Halamek dan rekannya mengembangkan sistem yang menempatkan sidik jari bukan sebagai rekaman visual.
Menggunakan keringat yang tertinggal dalam sidik jari, mereka menganalisa konten biokimia di dalamnya (keringat) --terutama asam amino yang bisa menunjukkan jenis kelamin orang yang meninggalkan sidik jari itu.
Menurut mereka, kandungan asam amino pada keringat perempuan lebih tinggi dibandingkan pada laki-laki.
Temuan awal metode yang dipublikasikan dalam jurnal Analytical Chemistry ini cukup menjanjikan, yakni 99 persen mampu mengidentifikasi jenis kelamin.
Untuk mengujinya, peneliti menggunakan 50 sidik jari sebagai contoh. Hasilnya, mereka mampu membedakan mana sidik jari perempuan dan laki-laki.
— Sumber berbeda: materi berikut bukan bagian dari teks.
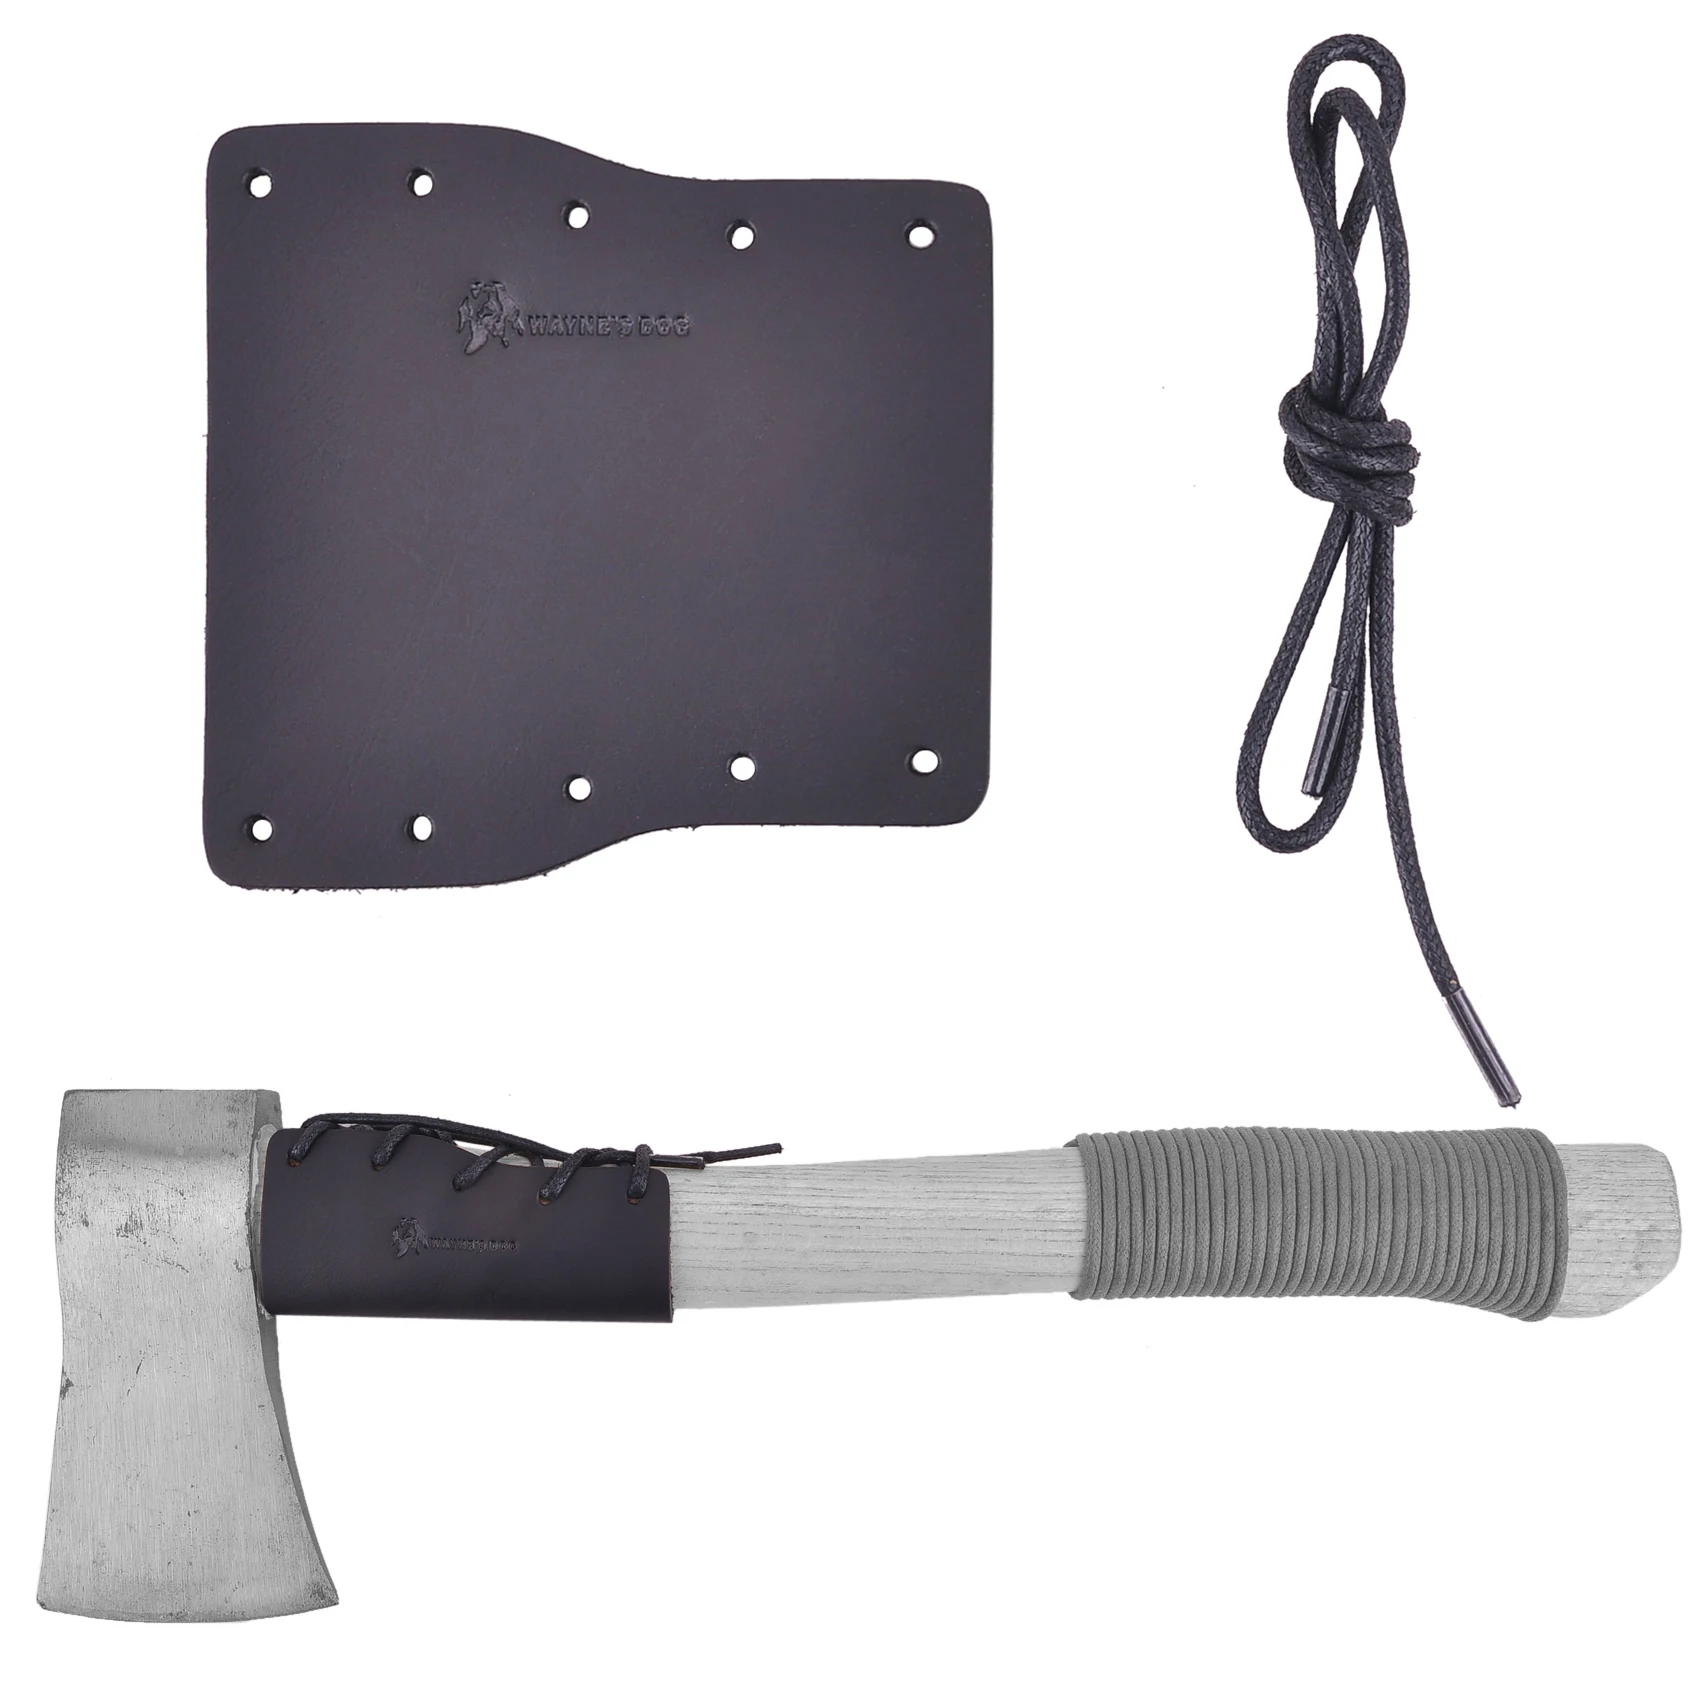 Handmade Leather Axe Handle Collar Guard Axe Holster Hatchet Protector Cover for  For Camping Axes Garden Picks

Untuk mengekstrak asam amino, mereka memindahkan sidik jari ke sebuah film (lapisan) polyethylene, lalu memisahkan asam amino dari lemak dengan meneteskan cairan asam hydrochloric.
Level asam amino kemudian diukur menggunakan enzim. Menurut peneliti, dibandingkan tes lainnya, cara ini relatif mudah dan tidak membutuhkan biaya mahal.
Peneliti mengatakan perlunya menguji temuan ini dengan sampel yang lebih besar. Mereka juga berharap bisa mengembangkan temuan ini menggunakan penanda lain, selain asam amino.
"Kami ingin menciptakan cara sederhana yang bisa menenetukan apakah seseorang (yang tengah dicari misalnya) berusia muda atau tua, laki-laki atau perempuan dan etnis mereka," pungkas Halamek seperti dilansir Sciencealert.com.